It turns out they were right to look at my fingernails, though. I did indeed develop a thyroid disorder a couple of years later, and striated fingernails (which I did not have at 10 but have had since I was 12) are a hallmark of that. I developed diabetes soon after that. Coping with those wasn't too bad. I had excellent care and my grandfather was the best role model I could have asked for. But, still. Clear signs my immune system was trying to kill me, and it was getting more serious about it.

As you may know, I also started going bald in grade school. I was sensitive about it. (In part because my mother made a fuss about finding ways to keep it hidden because she thought I'd be sensitive about it, which taught me that I should be more concerned about it.) My sisters bought me my first propeller hat, and told me to take the opportunity to start a hat collection. Take a disadvantage and turn it into a fun way to express myself. I didn't wear that hat very often, but I still took the lesson to heart, and the propeller hat has been my personal symbol ever since. Hence all my hat-related usernames and avatars.

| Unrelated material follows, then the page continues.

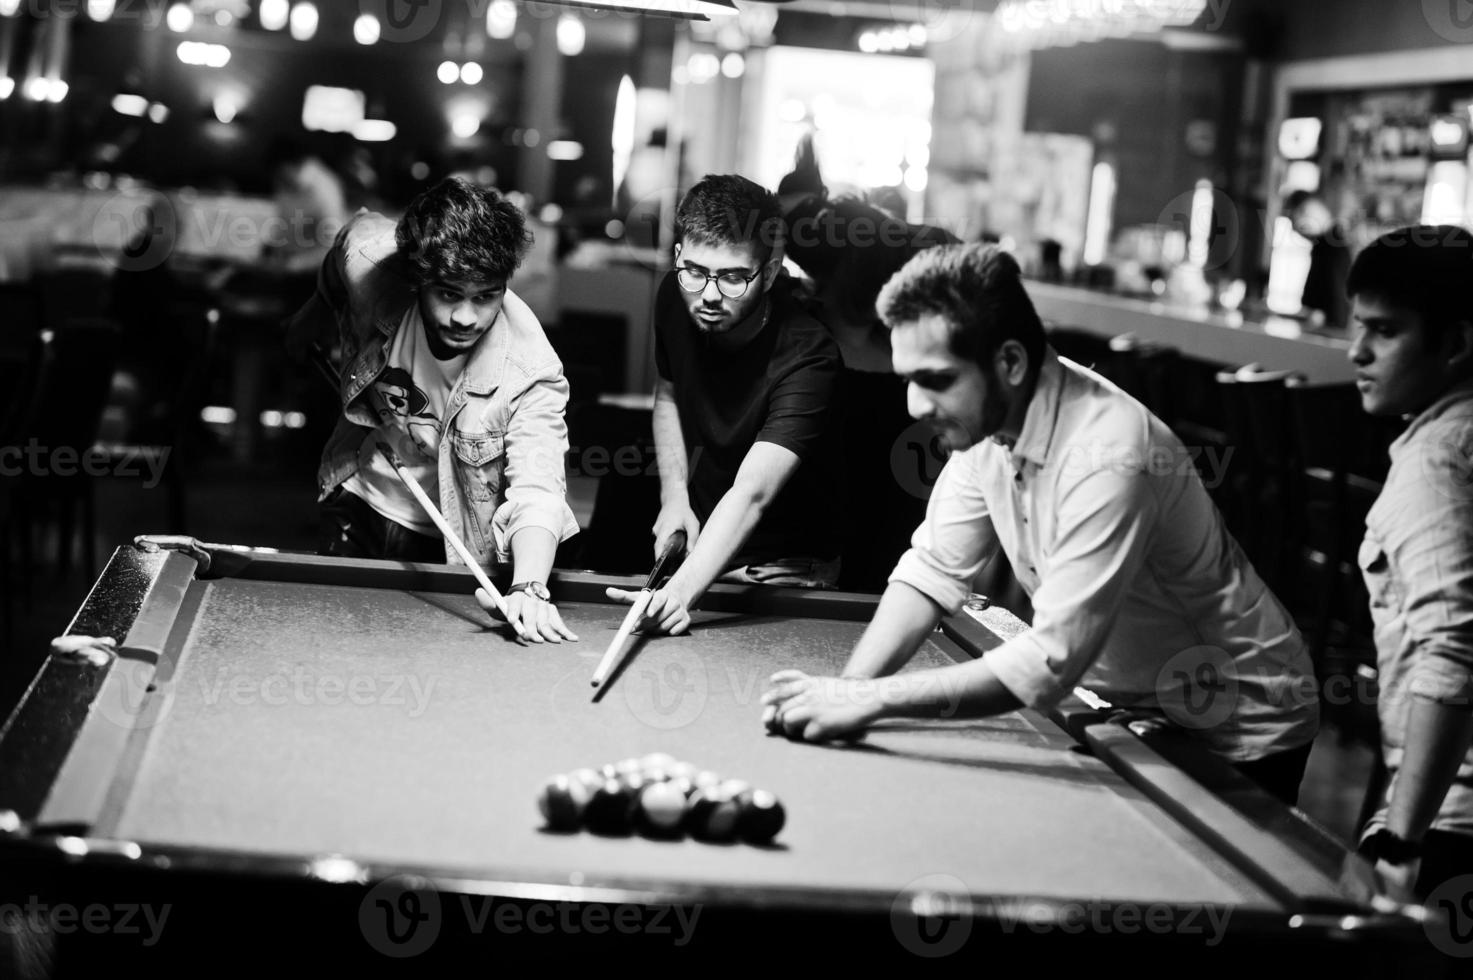 grupo de elegantes amigos asiáticos usan jeans jugando al billar en el bar. foto

In high school, things got worse again. I started getting more and more physically exhausted and having unexplained pains all over my body. Most doctors didn't know what to do with me. One diagnosed me with fibromyalgia. He himself had come up with the protocol to formally diagnose it, and I was 18/18 on his test. Unfortunately, he didn't actually know how to help me with it. He promised that if I followed his treatment regimen I'd be cured within 3 months. I did, but I wasn't. He felt pressured because Dad was a close colleague who often came to appointments with me. We were both frustrated and disheartened by my lack of progress. He snapped. He told me that I was lying. That if I'd been following his regimen I'd be better, since I wasn't better it must be my fault, he couldn't work with a patient who lied to him, and I needed to leave and not come back. (Years later, he apologized for that.) Other doctors were skeptical that I was reporting widespread pain with no reason they could find. One convinced my parents to give me a placebo. Once Dad found a specialist in Boston. We drove 300 miles to see him. I explained all that I'd been going through, that we'd driven 300 miles just to see him, and told him I needed help. He got angry and told me to follow him into the hall. We walked to a patient's room. He had me look at a kid about my age who was lying asleep in a hospital bed with IVs in him. He took me back out into the hall. He explained the kid was dying of leukemia. "Go home, and come back when you have real problems!" To which I say "Fuck that guy." (I did not say that to him.) Yes, there is always someone who has it worse than you. But that doesn't change what you're dealing with or mean that you don't need and deserve help and support. Even with all those experiences and more, I knew even then that I was getting better care (and access to care) than most, thanks to Dad being a respected doctor. Certainly didn't hurt being rich and white, too...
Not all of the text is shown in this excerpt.